As the composer or Framer, I created the role of the conductor (leader) who oversees the implementation and direction of the musical content given throughout this piece. The conductor’s overall role is to create an environment where the performers (citizens) can be successful in their endeavors. For any given performance of this piece, the conductor’s (leader’s) own ideas and desires around the musical content will ultimately determine how the piece is interpreted. I as the composer (Framer) have relinquished control over this aspect of the piece. The overall quality of the performance (community) is dictated by the performers’ (citizens’) relationships to one another, their perspectives on the piece (Constitution), and the content (Rights) within. From my perspective, the Constitution is a living document similar to a guided improvisational score, but meant for a society.

This piece pulls text from the POTUS to Octavia Butler to Lalah Hathaway to a voter standing in line waiting to vote and puts them all together in one place, just like social media. My approach to the text is to create a timelessness within language. To present wisdom alongside madness and see which one will be heard through the noise is extremely fascinating to me.

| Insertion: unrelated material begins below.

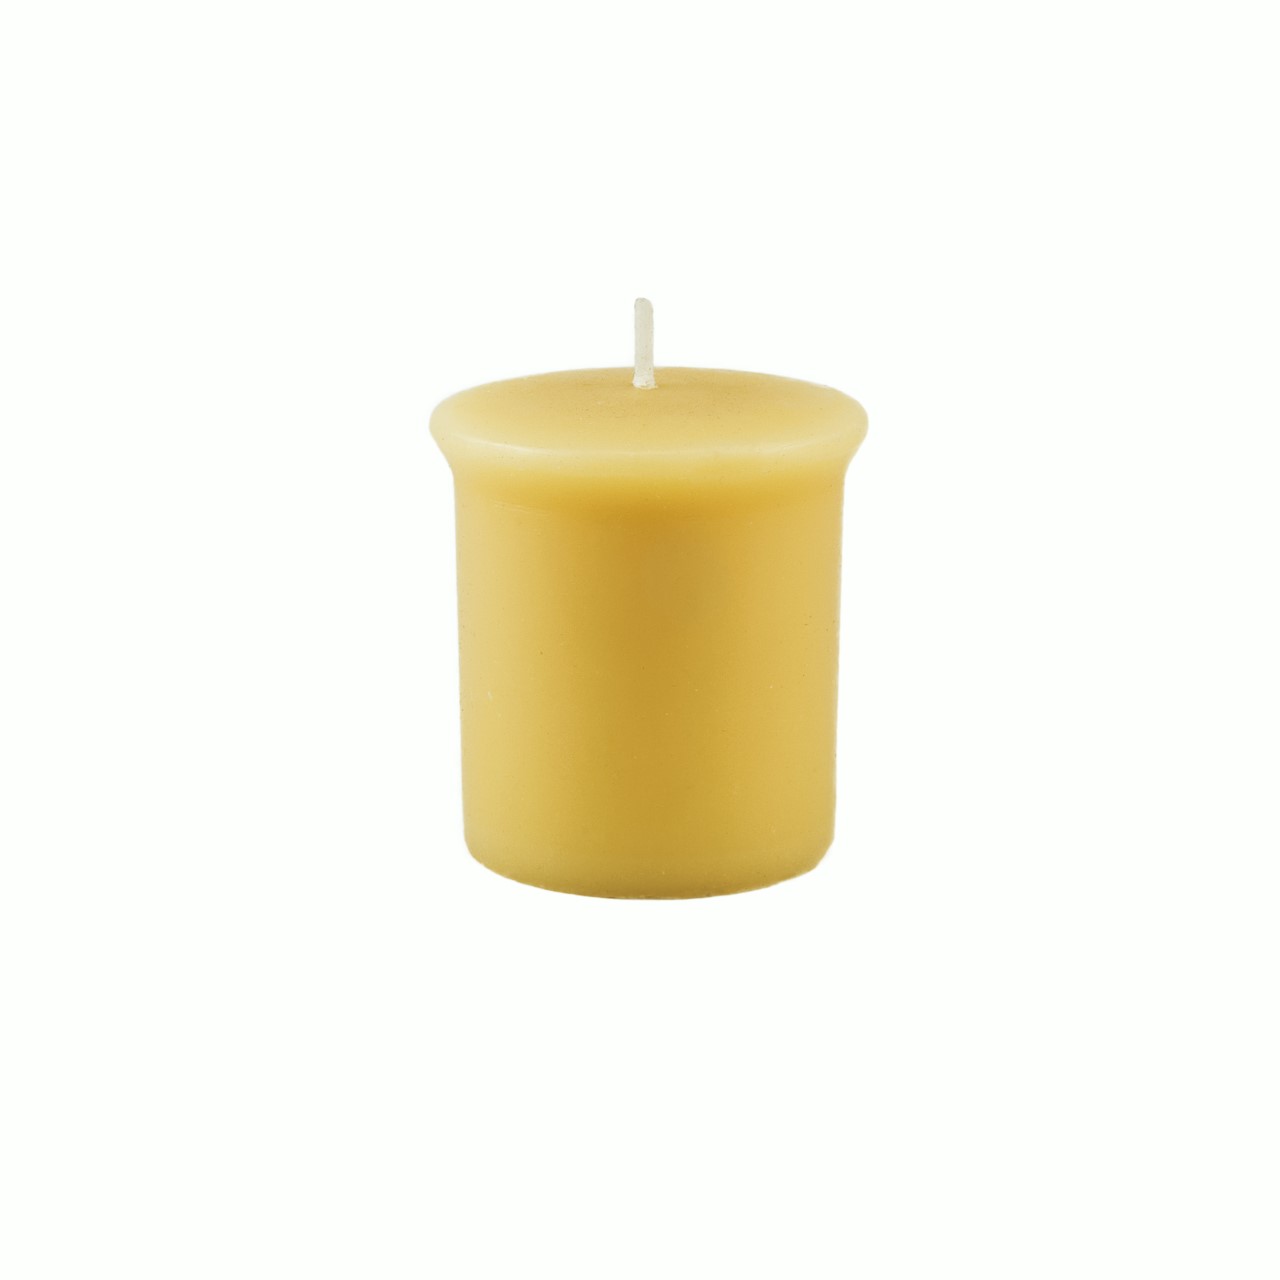 Pure Beeswax Handmade Votive Candles - Eco-friendly Home Decor

The following statement is included in the Composer Notes for all of my social justice game pieces: This is not a composition; it’s a protest. This is not a performance; it’s a demonstration. This is a political work of art. I wrote it to express the hypocrisy of a nation that continues to deny its history, a history that has and will continue to define our future.

Even though this piece will be presented virtually this statement still stands firm. Transitioning to a purely virtual medium is tough, but in some ways, I look at it as an opportunity to create a truly ritualistic experience for the performers, while witnesses peer through boxes and screens to experience something that might terrorize or tantalize.

We are more than entertainers. Art, like protest, has a way of changing our molecular structure and our brainwaves. It opens our hearts and forces us to confront our empathy. It has the power to change the world and the world knows it.

As I write and amend this document, I realize that as a composer, and more so as a Black man in America, code switching is a constant interruption to my process, even as it affords access. My work is about combating apathy and fear. We Can Change the Country is not a neutral work of art.

A sneak preview of Darius Jones’s We Can Change The Country which will be livestreamed from Roulette Intermedia on Monday, November 2, 2020 at 8:00 p.m. Eastern Standard Time. Videography by Kenneth Jimenez.
We Can Change the Country was commissioned by Roulette and made possible with funds from the New York State Council on the Arts and New Music USA.